Osteoarthritis of the shoulder joint: causes, symptoms and treatment methods

Shoulder arthrosis is a widespread chronic disease associated with damage to articular structures. The pathological process is accompanied by degenerative deformation of the articular surfaces. At this time, not only cartilage tissue, but also bone tissue is damaged. Pathology symptoms and treatment methods depend on the degree of joint damage.

The disease can develop without showing itself for several years. At some point, under the influence of negative factors (hypothermia, trauma, severe accompanying illness), the first signs of the disease appear. It is at this time that it is necessary to consult a doctor, because the fight against dystrophic changes in the cartilage is especially effective at the beginning of the disease.

shoulder arthrosis

Causes of shoulder arthrosis

The causes of degenerative-dystrophic joint tissue damage are numerous and diverse. Among them, injuries play a key role, so post-traumatic arthrosis of the shoulder joint is considered the most common form of pathology. It can also be provoked by mild but repeated damage to cartilaginous tissues.

In addition, the disease can occur under the influence of the following pathological factors:

  1. Severe joint injuries: synovitis, gout, acute or chronic arthritis, aseptic necrosis of the humerus.
  2. Regular overloading of the joints. It is most often seen in volleyball, tennis, and basketball athletes.
  3. Congenital pathology of the shoulder joint.
  4. Endocrine diseases.
  5. Old age and old age.
  6. Overweight (obesity).
  7. Avitaminosis.
  8. Autoimmune lesions and weakening of the immune system.
  9. genetic predisposition.

Most of the patients are people engaged in monotonous physical labor. Therefore, arthrosis of the right shoulder joint is diagnosed more often than the left.

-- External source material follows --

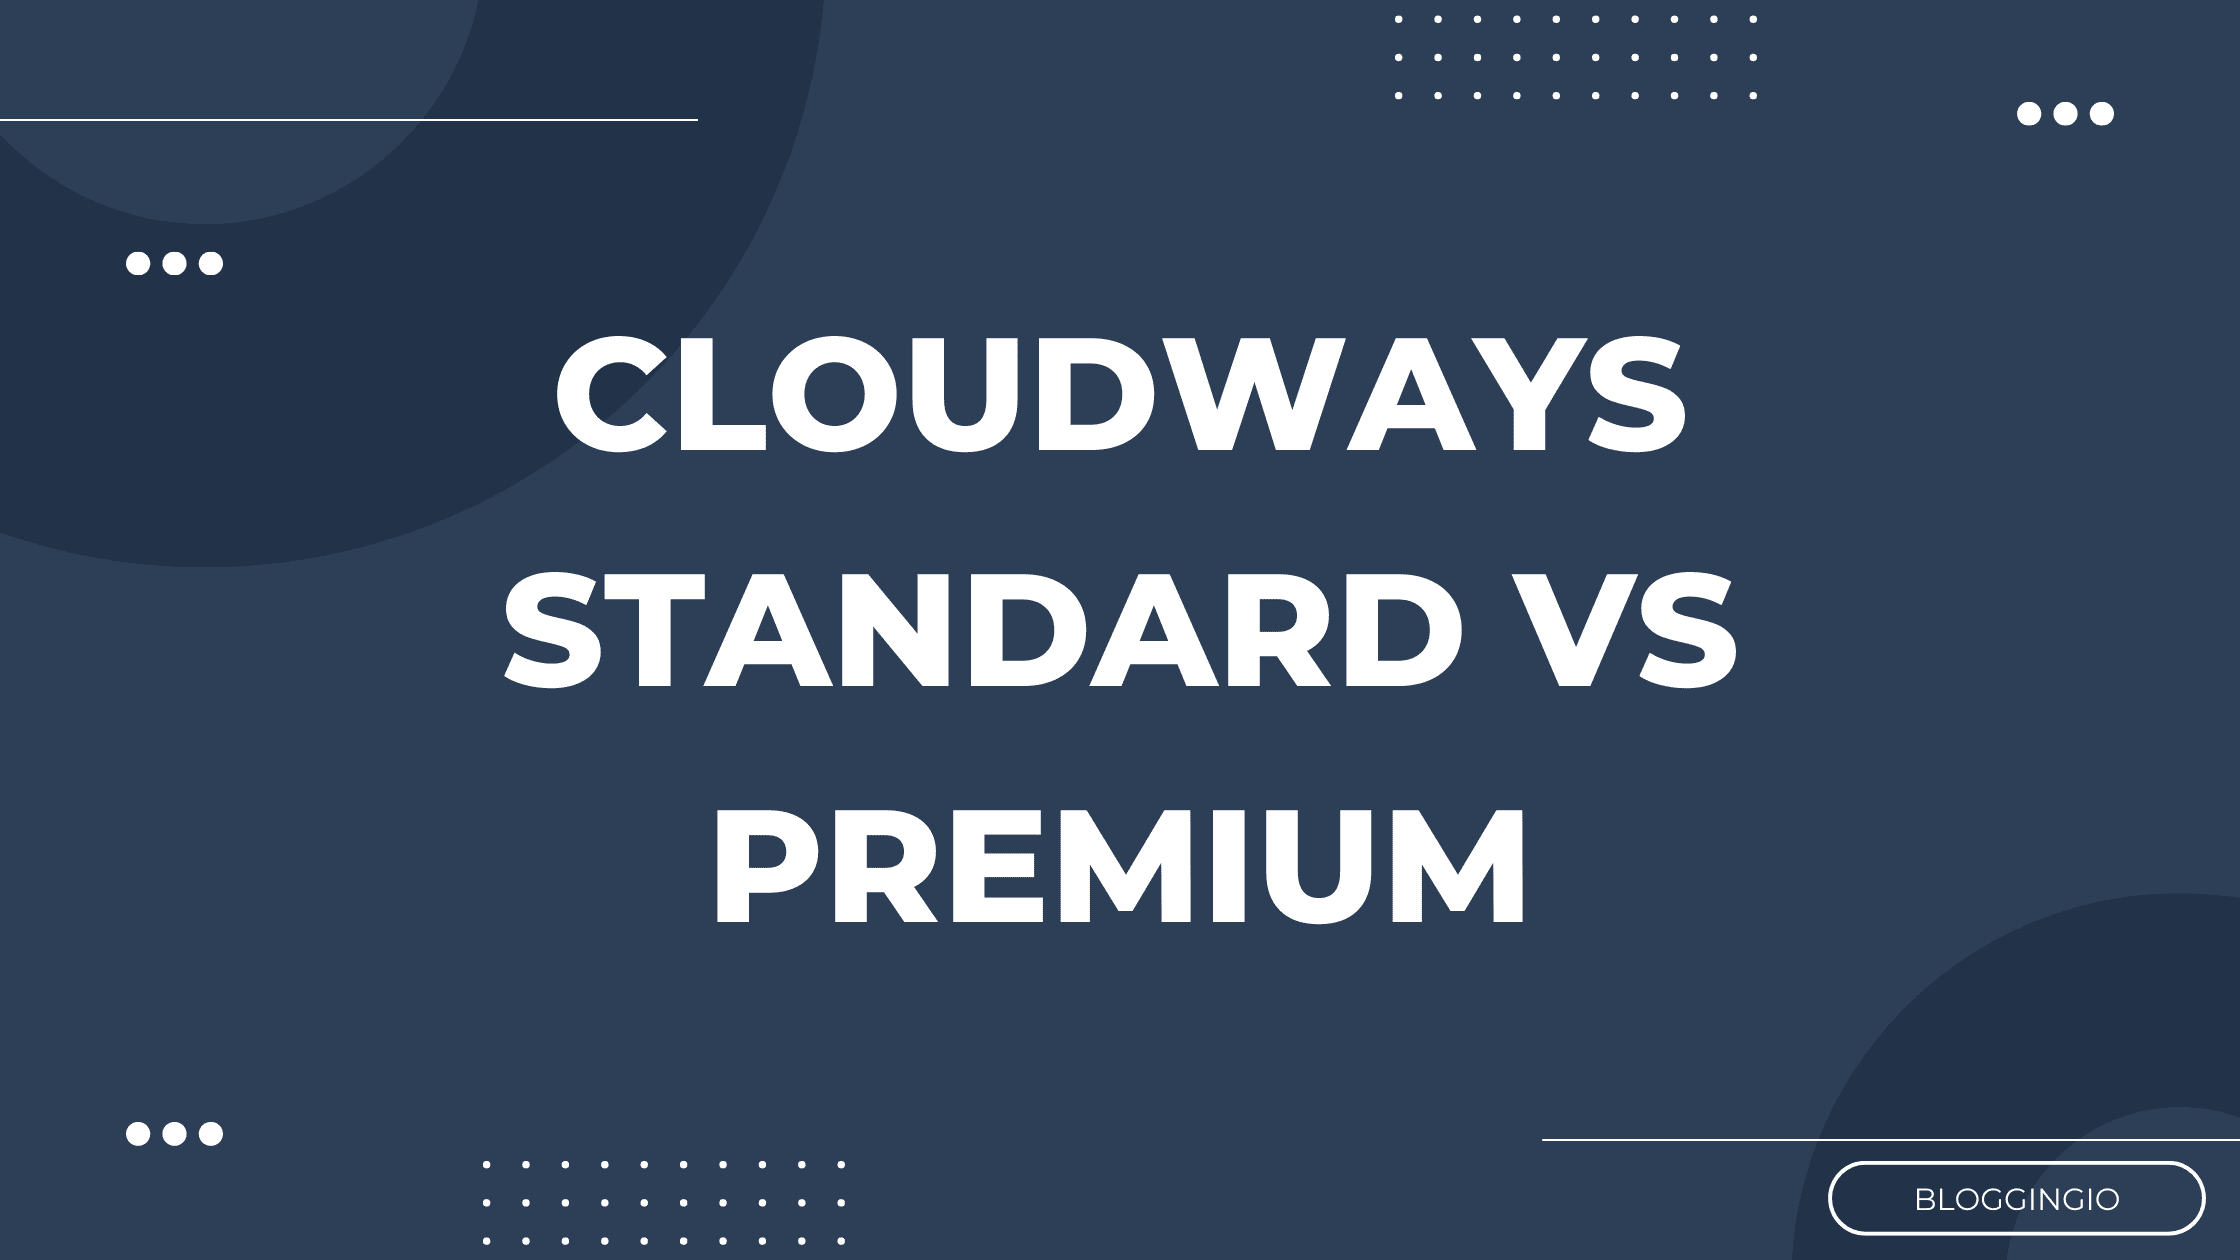 Cloudways Premium Vs Standard - Which is best? 1
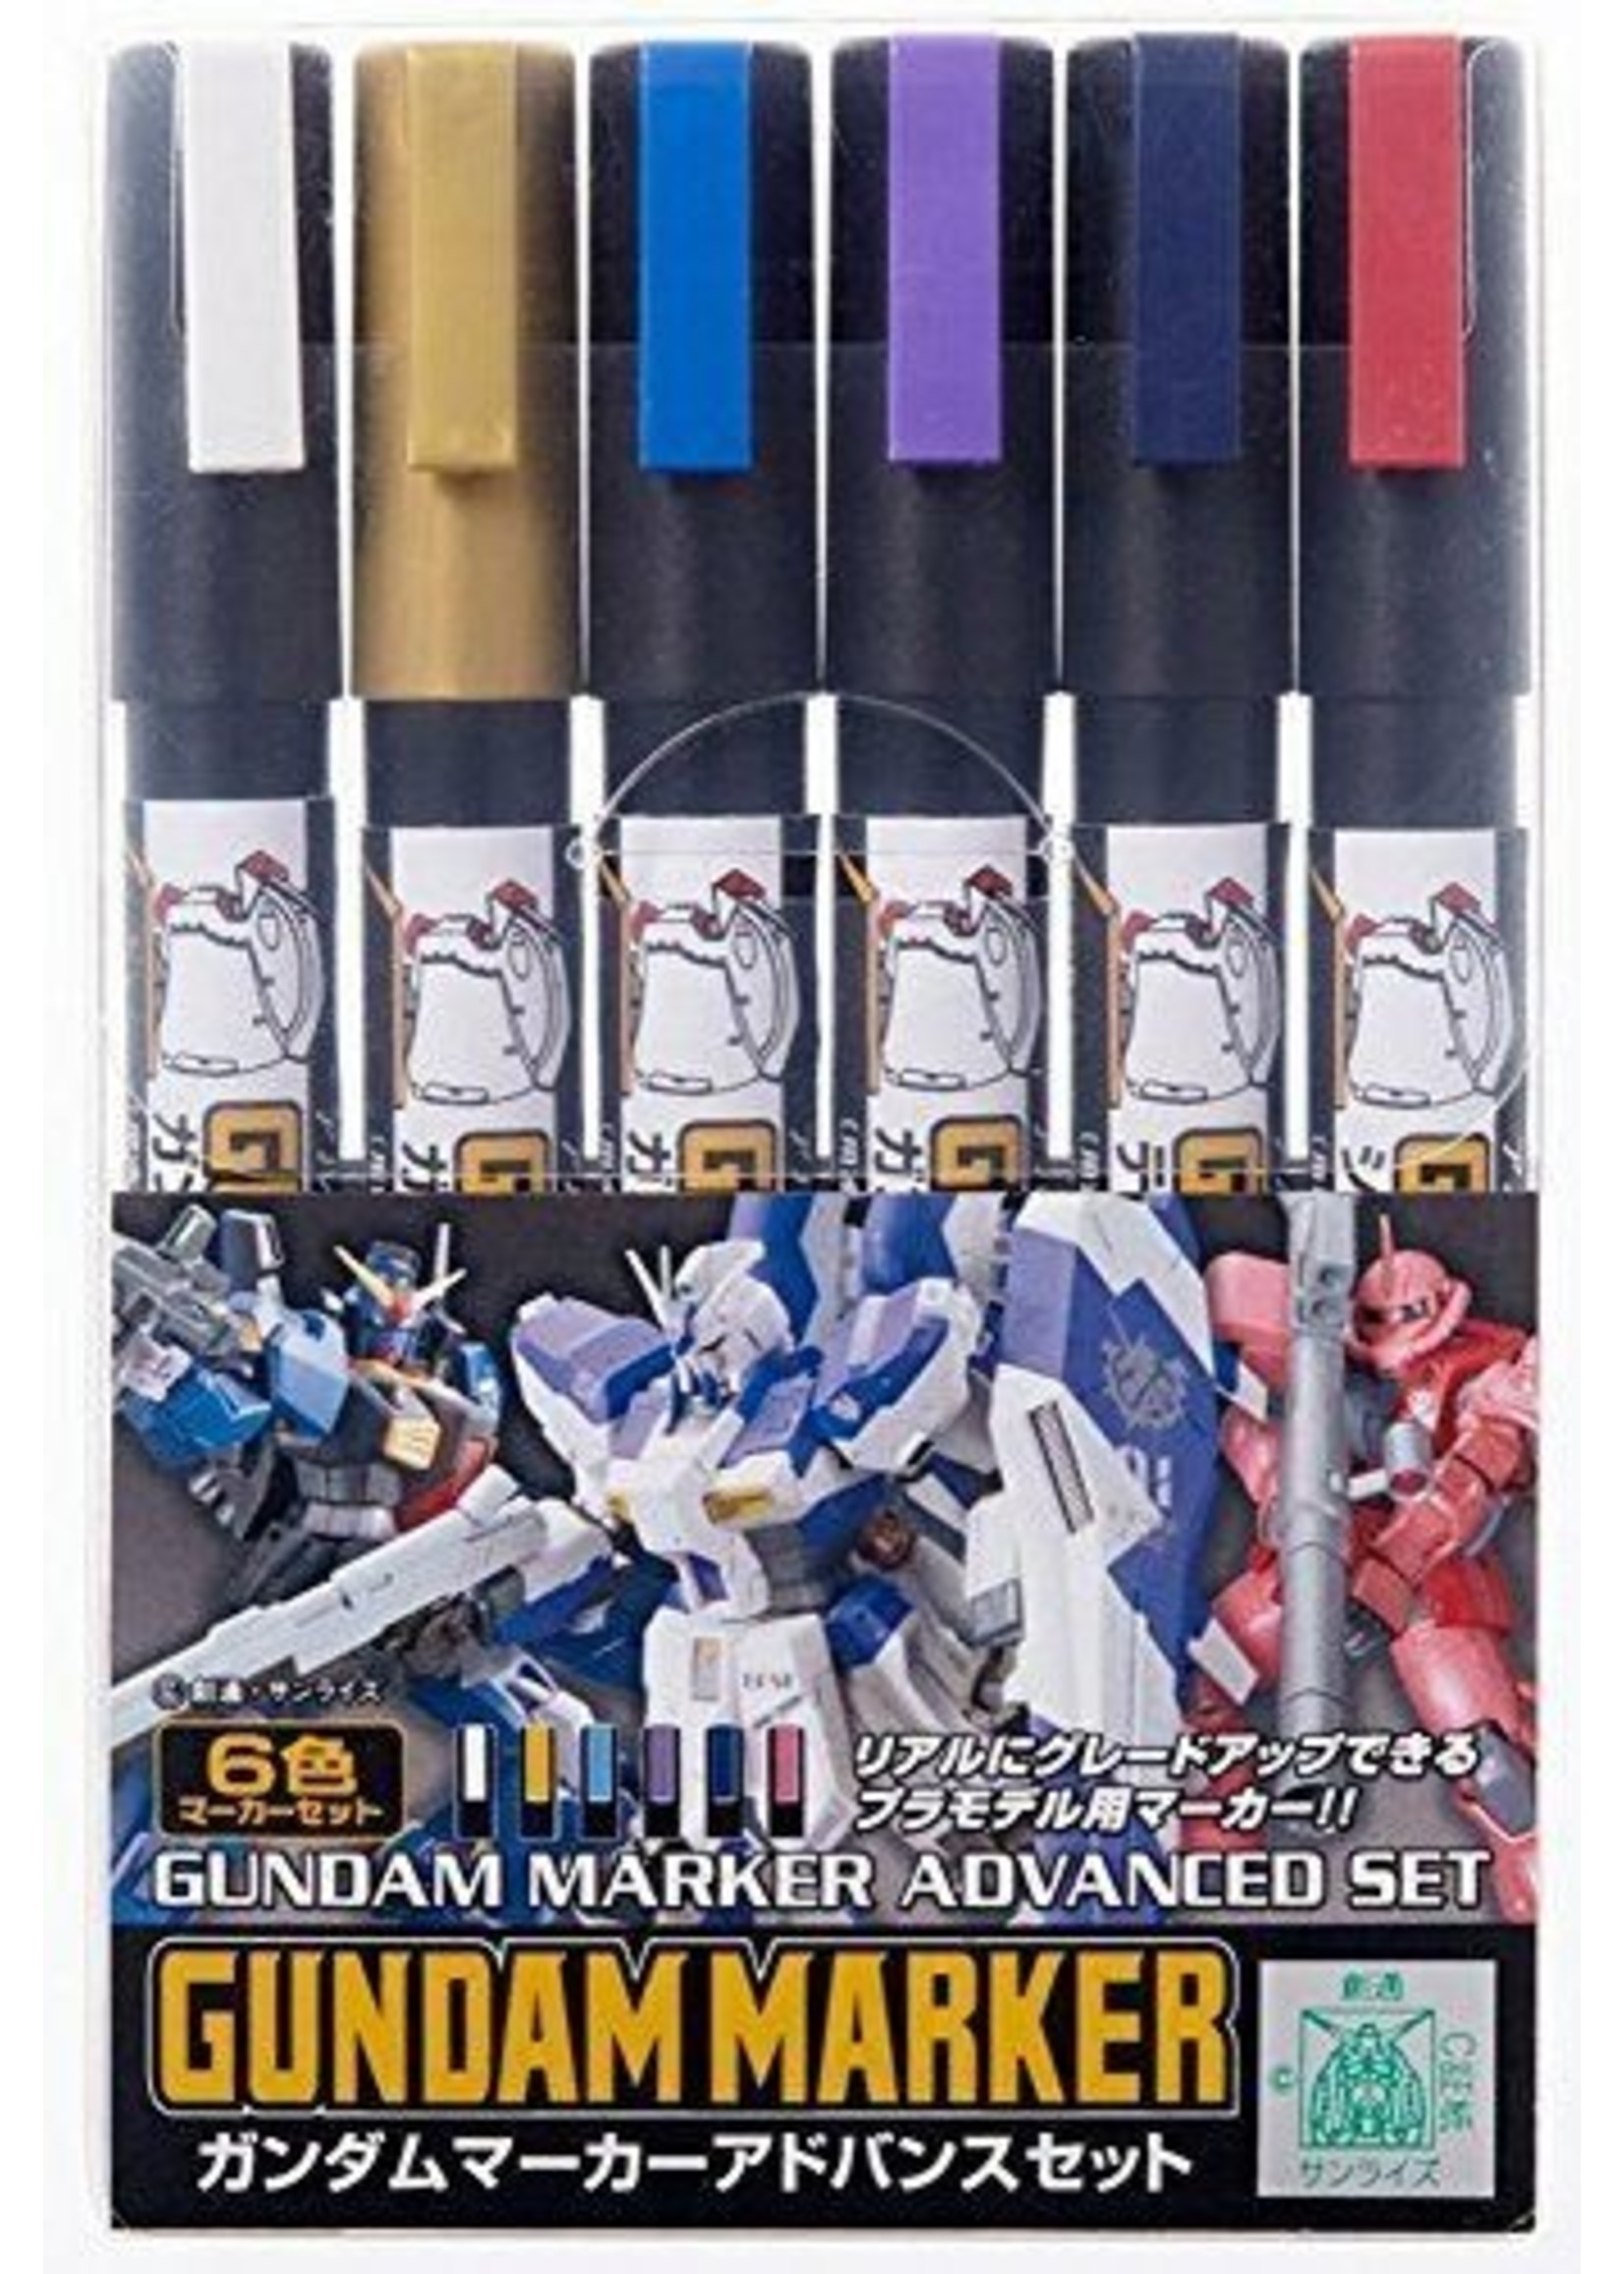 Gundam Markers – Gundam Shoppers Network

shoulder pain due to osteoarthritis

The disease usually develops under the influence of not one, but several negative factors. Based on this, the treatment should be comprehensive and should be aimed not only at fighting the disease, but also at eliminating all the causes that lead to it.

Characteristic symptoms of the disease

Shoulder arthrosis, starting noticeably and gradually developing, can appear suddenly after injury, hypothermia or serious physical exertion. In this case, there are symptoms characteristic of damage to the shoulder joints and nearby tissues:

  • pain;
  • crackling and clicking during hand movement;
  • stiffness and decreased range of motion in the shoulder.

The disease occurs most often in a chronic form. Aggravation of the disease can occur with excessive stress on the joint or injury.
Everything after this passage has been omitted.